Records from a dataset
· · · · ·

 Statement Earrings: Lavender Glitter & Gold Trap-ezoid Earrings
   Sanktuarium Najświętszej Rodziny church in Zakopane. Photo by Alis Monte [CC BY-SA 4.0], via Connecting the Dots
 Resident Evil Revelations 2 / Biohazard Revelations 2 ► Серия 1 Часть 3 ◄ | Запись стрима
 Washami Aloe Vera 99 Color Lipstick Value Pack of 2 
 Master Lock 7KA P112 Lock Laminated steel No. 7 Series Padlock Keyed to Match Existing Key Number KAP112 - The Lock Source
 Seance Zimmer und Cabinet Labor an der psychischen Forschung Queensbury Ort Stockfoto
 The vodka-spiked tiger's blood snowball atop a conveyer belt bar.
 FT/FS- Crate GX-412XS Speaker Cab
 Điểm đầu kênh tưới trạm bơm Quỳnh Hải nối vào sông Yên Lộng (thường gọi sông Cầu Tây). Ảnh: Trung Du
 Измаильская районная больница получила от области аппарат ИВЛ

· · · · ·

Reproduce without change every line of the entries above, from the one containing "Master Lock 7KA" through the last.

*Solution for this problem*:
 Master Lock 7KA P112 Lock Laminated steel No. 7 Series Padlock Keyed to Match Existing Key Number KAP112 - The Lock Source
 Seance Zimmer und Cabinet Labor an der psychischen Forschung Queensbury Ort Stockfoto
 The vodka-spiked tiger's blood snowball atop a conveyer belt bar.
 FT/FS- Crate GX-412XS Speaker Cab
 Điểm đầu kênh tưới trạm bơm Quỳnh Hải nối vào sông Yên Lộng (thường gọi sông Cầu Tây). Ảnh: Trung Du
 Измаильская районная больница получила от области аппарат ИВЛ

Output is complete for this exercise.